Oh, yes, you got a fine sister
She warmed my blood from cold
Brought my blood to boiling hot
To keep you from the Gallows Pole
Your brother brought me silver
Your sister warmed my soul
But now I laugh and pull so hard
And see you swinging on the Gallows Pole
This became the template for succeeding versions of the tale, which often appeared under different names. In 1964 Judy Collins recorded the song Anathea, the name she gives to the sister of the condemned man. She turns up to offer herself to the judge despite her brother’s warnings.
Anathea, oh, my sister
Are you mad with grief and sorrow?

He will rob you of your honour
And he’ll hang me from the gallows
Sure enough, after giving herself to the judge she finds her brother hanging the next morning.

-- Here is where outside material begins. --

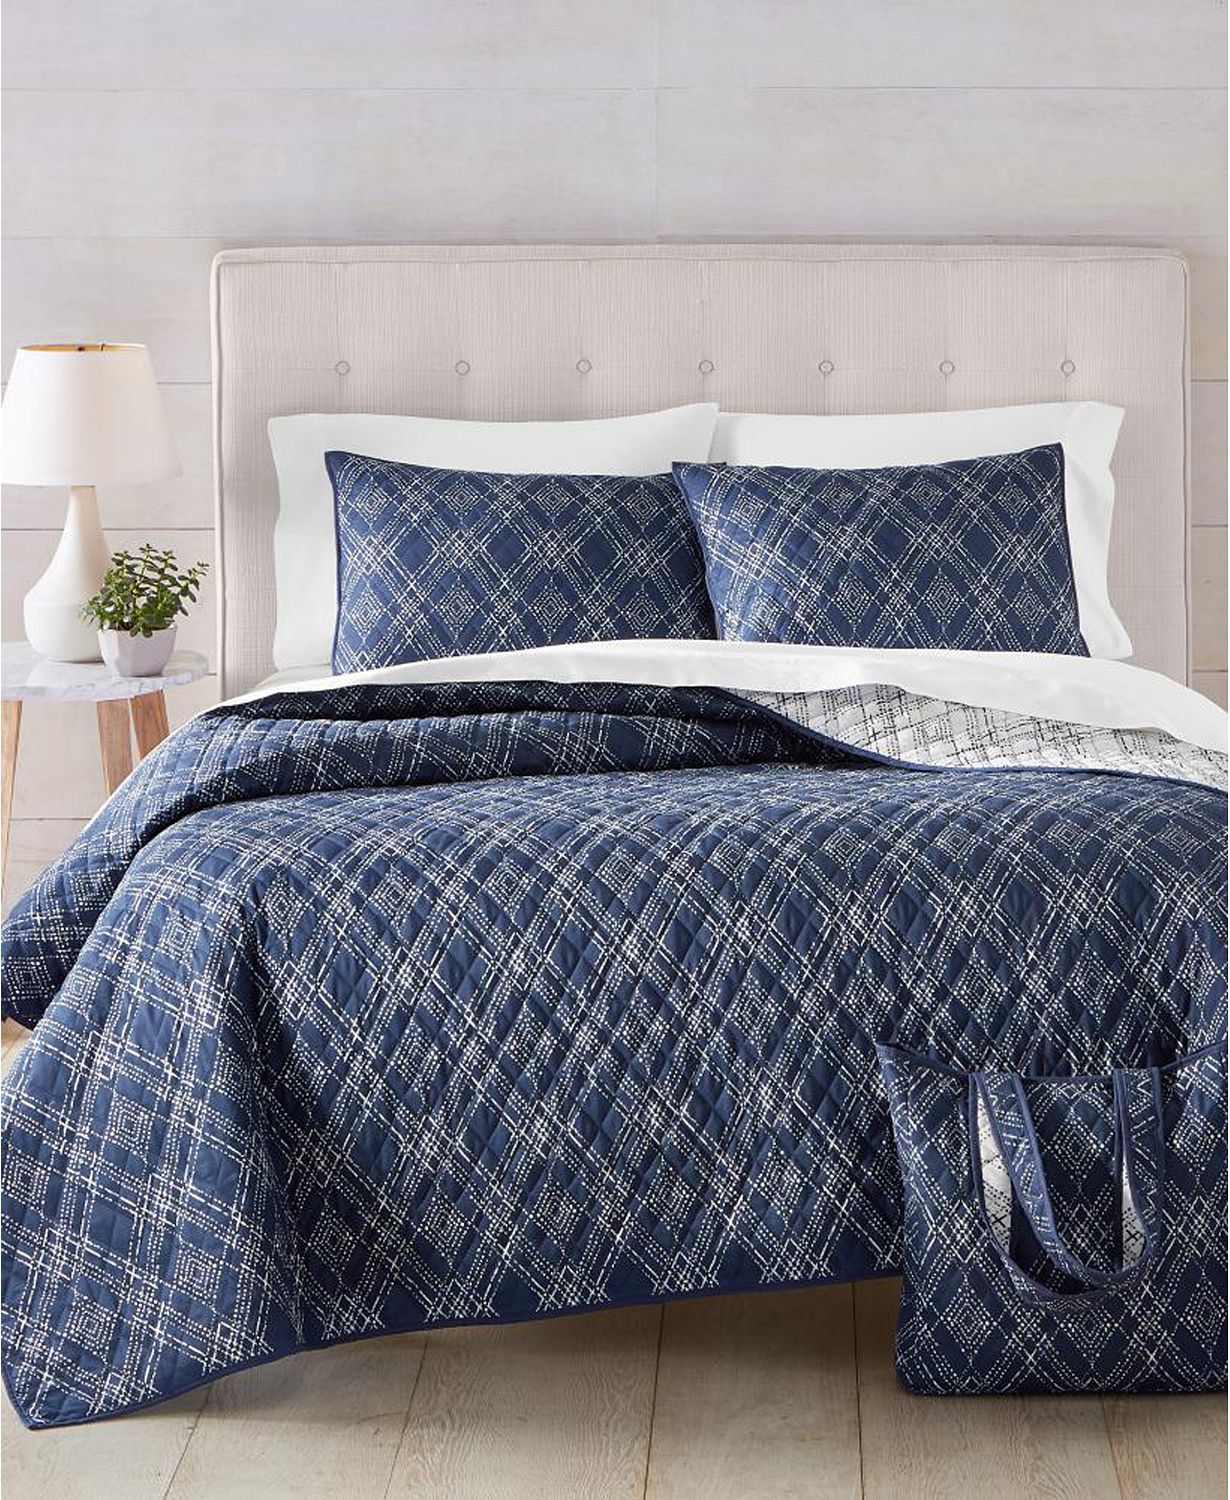 These Martha Stewart Quilt Sets Are Half Off The Daily Caller

Collins sang the song at the 1963 Newport Folk Festival. Another performer at that event penned his own version of the tale, Bob Dylan’s Seven Curses. This time it’s the victim’s daughter who brings gold and silver and attempts to buy her father’s freedom by sleeping with the judge. Once again the woman is taken advantage of but to no avail. Dylan’s song ends with the cruelly deceived woman issuing seven curses on the wicked judge, condemning him to endless torment.

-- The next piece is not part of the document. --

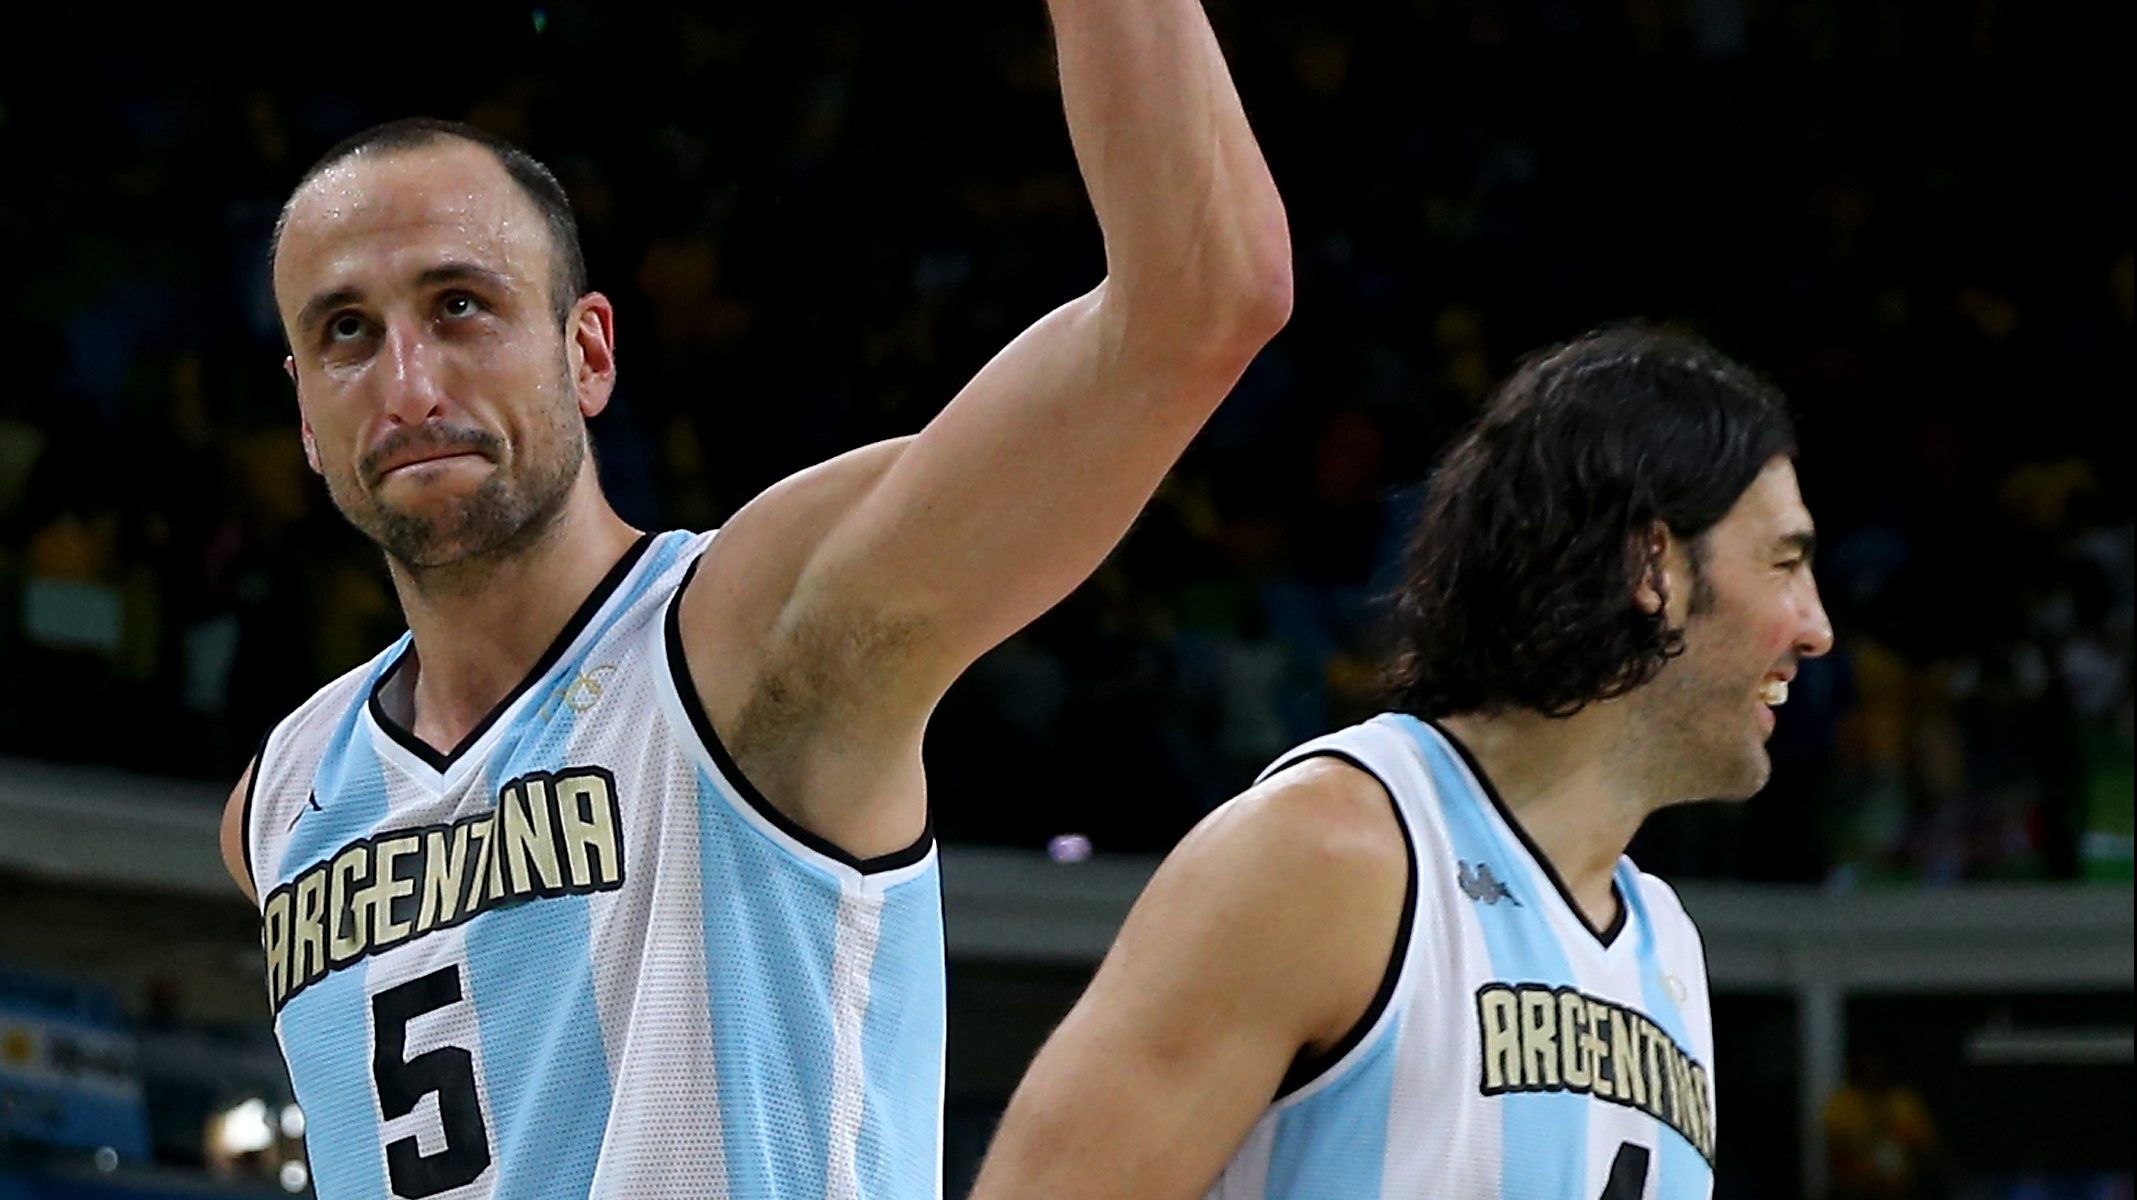 Argentina Olympic Basketball Roster Who’s on the Team?

These be seven curses on a judge so cruel
That one doctor can’t not save him
That two healers cannot heal him
That three eyes cannot see him
That four ears cannot hear him,
That five walls cannot hide him,
That six diggers cannot bury him
And that seven deaths shall never kill him
He should consider himself lucky. In Féher Anna, the Hungarian folk version, the unjust judge gets 13 curses for exactly the same offence.
In 1973 Led Zeppelin got in on the act featuring the song under the title Gallows Pole on their album Led Zeppelin III. It was basically a rehash of the Fred Gerlach arrangement of the Lead Belly version with some additional laughing and gloating tacked on to the end for good measure.
There is a YouTube clip of Ben Andrews performing the song with The Blue Riders (Tim Jarvis on drums and Hugh Feeley on harmonica) during which he offers an interesting piece of additional information. It would appear that in Celtic mythology people who were depressed were said to be ‘possessed by the Blue Devils’. It is this legend which gave rise to the phrase The Blues.
In a curious piece of synchronicity, therefore, what originated as a Celtic folk song eventually ended up becoming a classic example of the genre which took its name from the same Celtic tradition.
We may never know which blue devils haunted Ben Andrews in his final days and sadly no one arrived with a bag of gold to save him from his own Gallows Pole.